Concept of authority
There is one common denominator to all three situations described above and that is the concept of authority. Authority is important in Russia and a key ingredient for making things work. For effective leadership in Russia, authority is much more important than consensus, whereas, in most western countries the exact opposite is the case. In Russian companies, the director decides on everything. Very little power or mandate is delegated to lower management levels. In the workplace, the boss is expected to know everything and to carry a paternalistic responsibility for his employees. Russians in general work harder and longer than most Europeans. The formal nine to five culture does not exist in Russia. Working until late at night or meetings during the weekend is all within the normal course of business. But the Russian worker needs to genuinely respect his boss. If respect is lacking, then it is very hard to motivate a Russian worker to ‘go the extra mile’ and in that case, no HR process, training or management technique will increase the output of your employees.
For foreign managers in Russia, this means that they need to be more firm and decisive than they are used to being in other countries. This also means that you should be careful not to lose the respect of your employees. Losing your cool too often and starting to shout is seen as losing control, and consequently, leads to a loss of respect. Once respect is lost, it is very hard to regain.
Another proof of the fact that ‘authority works’ in Russia can be seen in traffic or in queues. You may be surprised that drivers cut right in front of other drivers without any repercussion. Something that would cause road-rage in Europe and a shoot-out in the USA, is calmly accepted in Russia. If you want to merge into traffic hesitantly using your turn signal indicator you won’t get anywhere in Russia. You need to be bold and just cut in. Just try It. You’ll see it works. If you are afraid to dent your car you can start with the queue at passport control. Just cut in front of the queue, acting as if you own the place and see what the reaction will be. If you do get a reaction, next time, try it with more authority!
Being nice and gentle is not yet really understood in Russia. It is often mistaken for weakness. You can be many things in Russia, but at least you have to be firm and strong. Otherwise you won’t get anywhere. This is one of the things that is often difficult to understand for newcomers to Russia.

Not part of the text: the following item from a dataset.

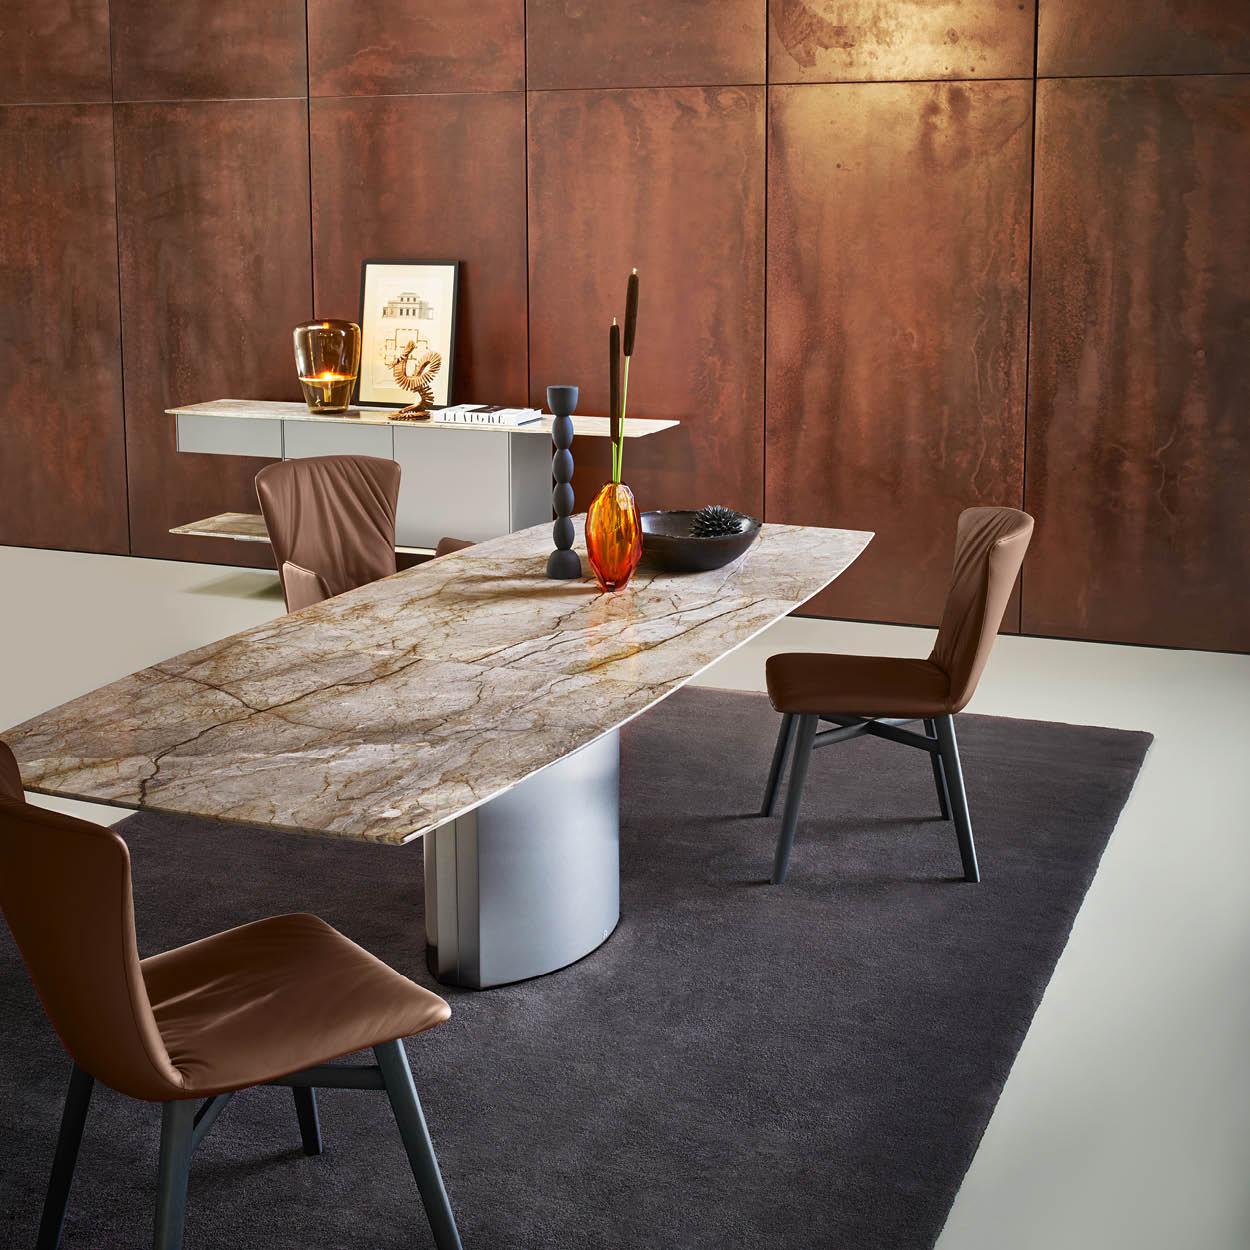 Dreanert tafel Adler Oxford Grey

It is not for nothing that Russia knows something called the ‘komandniy golos’ (the commanding voice). It’s the tone of voice you need to use if you want to get something done here. Even after 16 years in Russia, I find it hard to find the right ‘komandniy golos’. When the ‘banshik’ (stoker or bath attendant) in the Russian banya (bathhouse), where I usually go proposes to increase the heat and steam, l am usually the first to say ‘khorosh’ (it’s enough, no need to increase). But no matter how I say it – loudly or softly, with a deep bass – the stoker always continues to increase the heat. But, if one of the Russians around me says ‘khorosh’ or ‘esho’ (more), this one word is enough to spring the stoker into action.
Russians and authority, one more aspect of Russia’s unfathomable mystery. And for most of us foreigners, there is only one conclusion we can come to – ‘if you can’t stand the heat, stay out of the banya’!